Couples are sometimes criticized for trying to live out a fairy tale rather than reality. But a fairy tale is only a short and incomplete attempt to capture the level of surrealism and fantasy which envitably plays into every affair. We all have our aesthetics, and relationships become our canvases when all other media has failed us.

Love inspires the imagination like nothing else. The love story is the pinnacle of all art forms, in my opinion. The sad or doomed love story is even better, because that is essentially what life is.

Symbolism we think of as a tool of art, but in an affair especially, we can see clearly how it is there in life as well. If symbols did not exist in the world, they would not be effective in literature or art or anywhere else.
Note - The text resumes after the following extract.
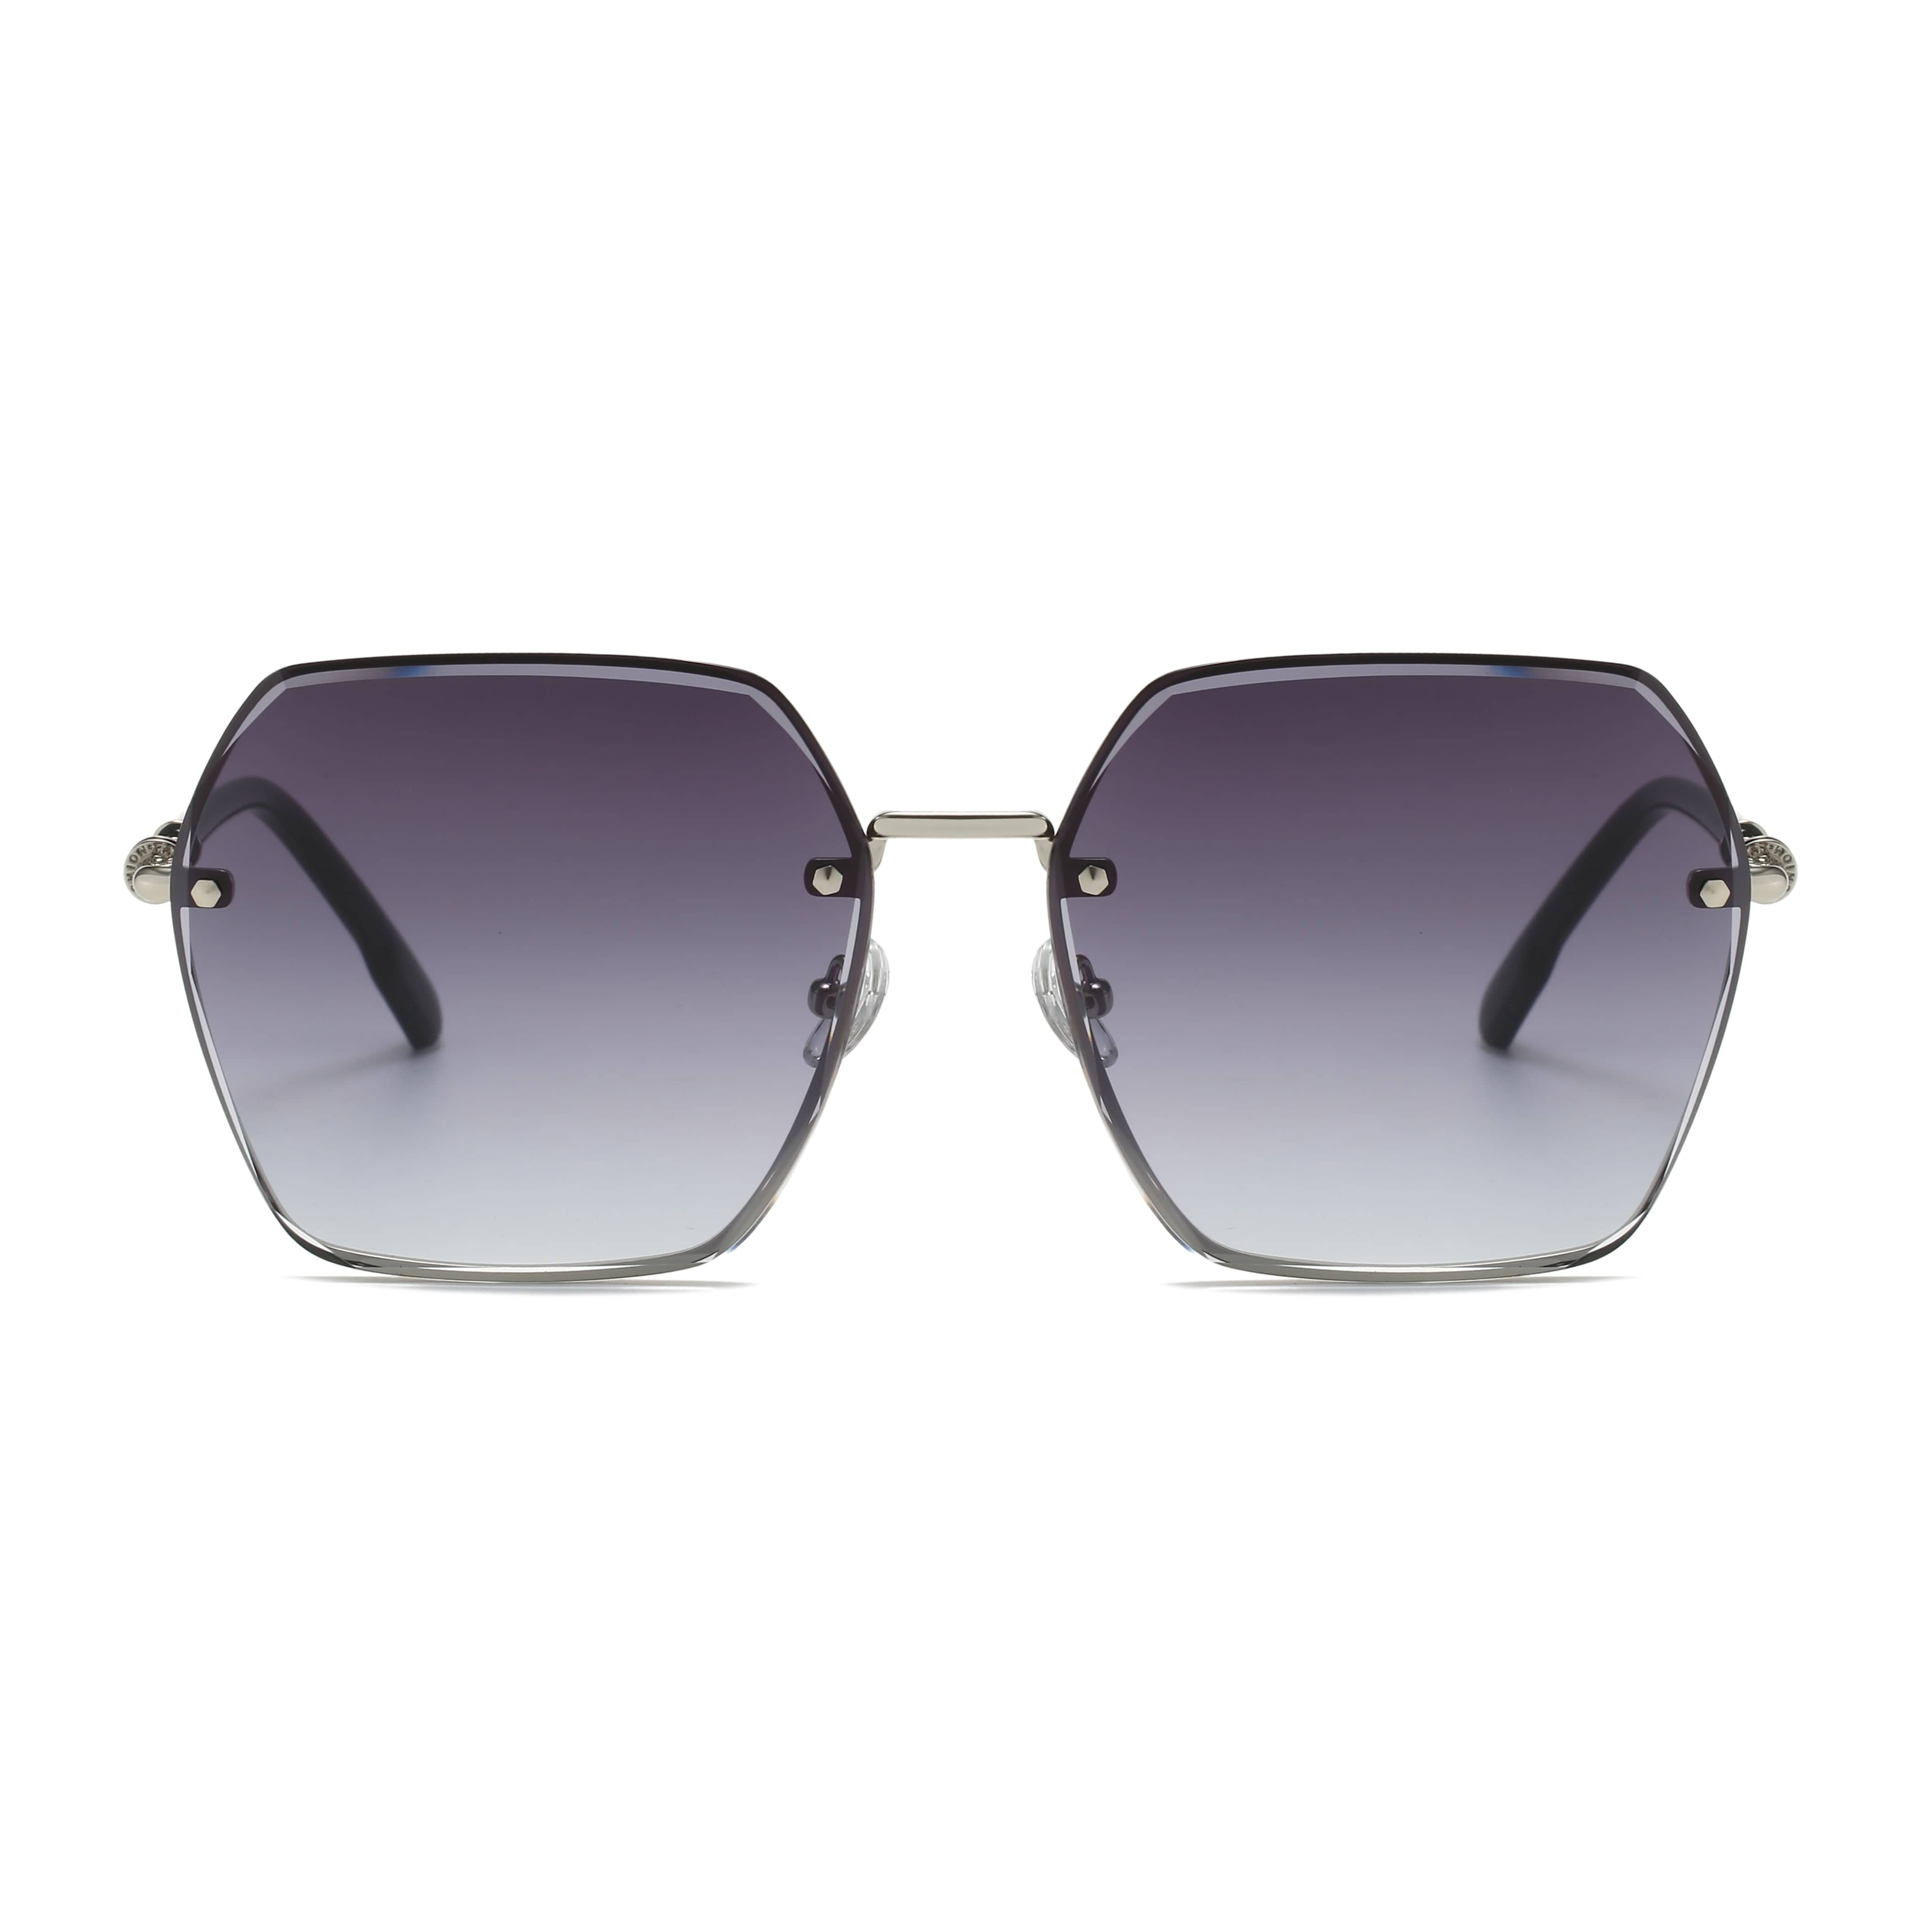 GIUSTIZIERI VECCHI Sunglasses Medium / Purple Grey DeluxeDiva Uno

In a love affair, assigning complicated, sentimental, and often bizarre meanings to animals, jewels, tokens, places, and words is quite normal. Art (including fairy tales) only follows this vain. A lover should not seek out a fairy tale, because in the simple act of being in love, she already has one.

On girls and boys

Girls who like girls like girls because they are so girly.

I have a new cousin, Bridget, who is twelve and straight as a board, with a back not much broader than a grown man’s hand. She is delicate and precisely spoken, her hair is long long and brown and shiny without a single curl. Her walls are covered in horse show ribbons, arranged by color. And she has a green feather boa from the dollar store draped over her mirror, and the feathers are molting, so the end is just a green string.
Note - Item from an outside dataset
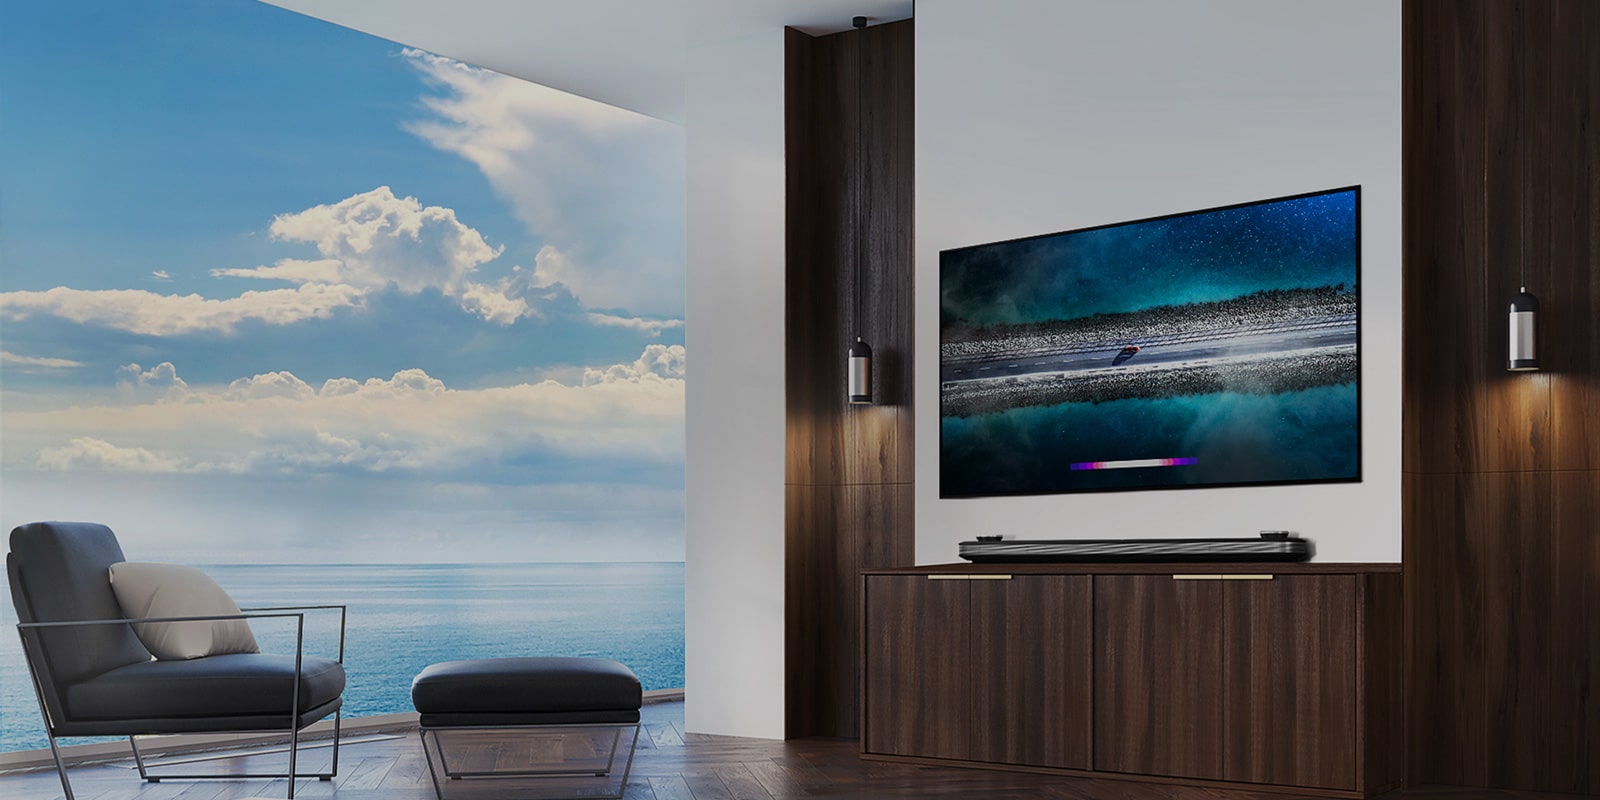 Η LG SIGNATURE OLED TV W9 είναι κρεμασμένη στον τοίχο και ένα συμβούλιο βρίσκεται ακριβώς μπροστά από την τηλεόραση με τον γαλάζιο ουρανό πάνω από το παράθυρο.

I lay in her room, in the extra bed covered with pillows, and read her copy of Are You There, God? It’s Me, Margaret and she said “Do you happen to like grape Pez?”

I gave green and white treats the size and shape of chocolate chips to her pet rats - Mimi and Aria - and she was really my favorite person in the whole world, while I was visiting Delaware, for her mom’s wedding to my Deadhead uncle.
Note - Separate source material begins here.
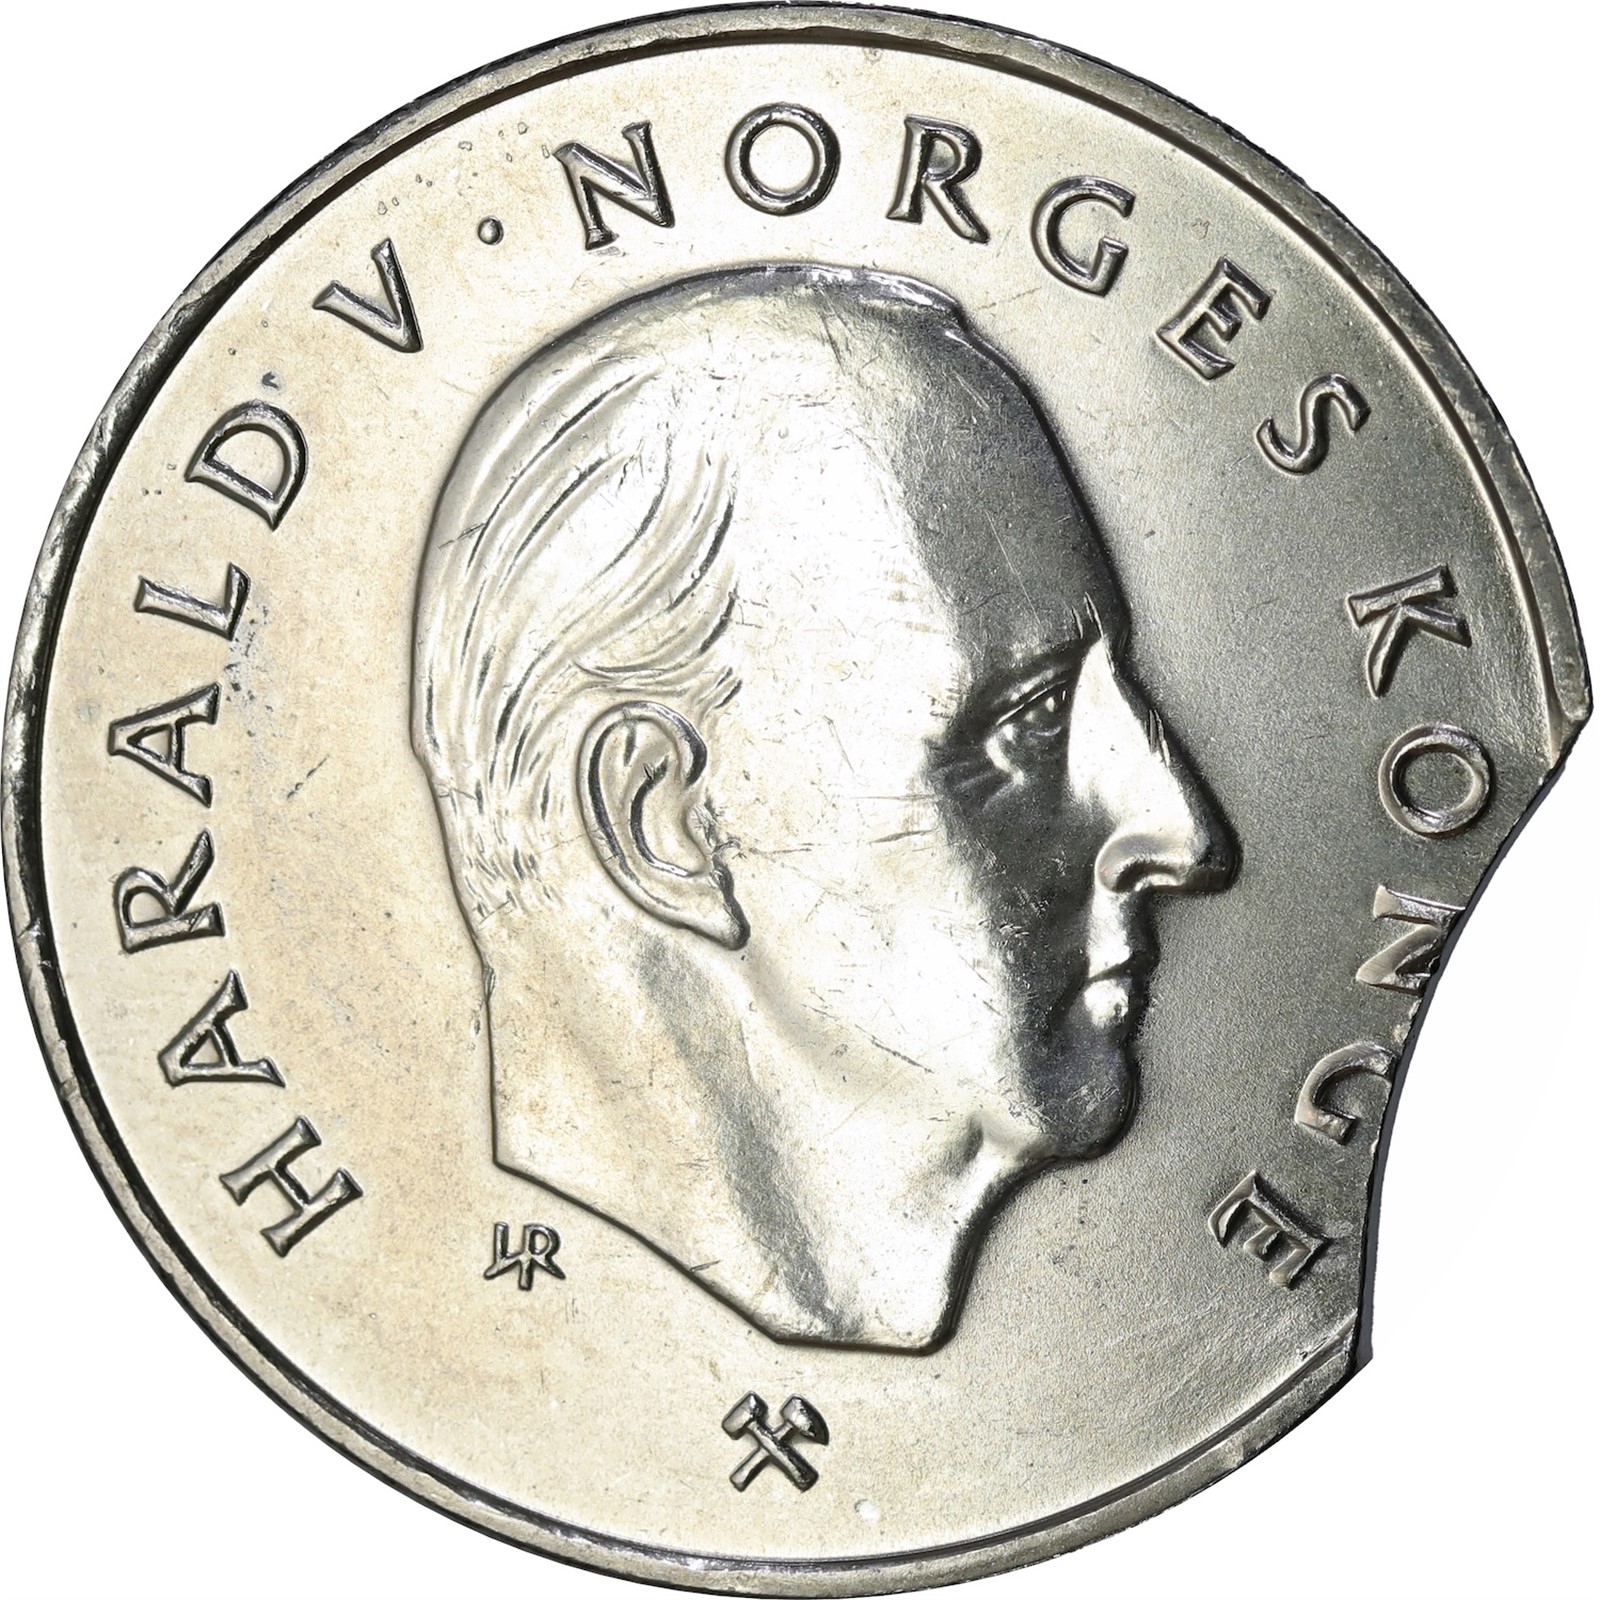 NORWAY. Harald V. 5 Kroner 1992 Mint Error Kv 0 (UNC)

I drank champagne and took blurry pictures of her, wearing high heels I could never manage myself. She rubbed my shoulders - she’s proud of having strong hands from riding, so she’s always offering people massages. I wish all relationships could be like this.

. . .

Girls who like boys like boys because boys are not girls.

The why of #5: It has some to do with the way you make me like me. First of all, there is that you are not skinny. Your not-skinniness makes mewithyou skinnier. Feeling skinny and small makes me happy. Your hugs render me crushable and weightless; they are very good. Then, there is the way your hands are rough like loofas, which make mine feel a little smooth and pearly. Your hairiness makes me meticulously groomed. Your boxiness makes me circly. Your embodiment makes me airy and transparent, floaty and flighty.

And, there is how your words are flowery and vibrant but, well, not very literary. Maybe because you’re too happy. Men have less trouble being happy, sometimes. I know so many words to convey sadness. Words about obsession and words about desire. Words about hatred, words about lust. I have written so many words like these, but I simply do not know the vocabulary of happiness. Perhaps there is not one. Happiness is just too small - happiness is staying under the covers when it’s cold outside, and being half asleep in that way that makes every five minutes that go by feel like an hour.

Oh! I like going through my day smelling like your shampoo, which reminds me of your hair, which I like to have my hands in. I like that I can just barely touch you and suddenly your entire self is reacting all over the place, like you can just barely stand it, you are so.. touched. I like that I can make you react. I like that power. Relationships are so great before they are complicated.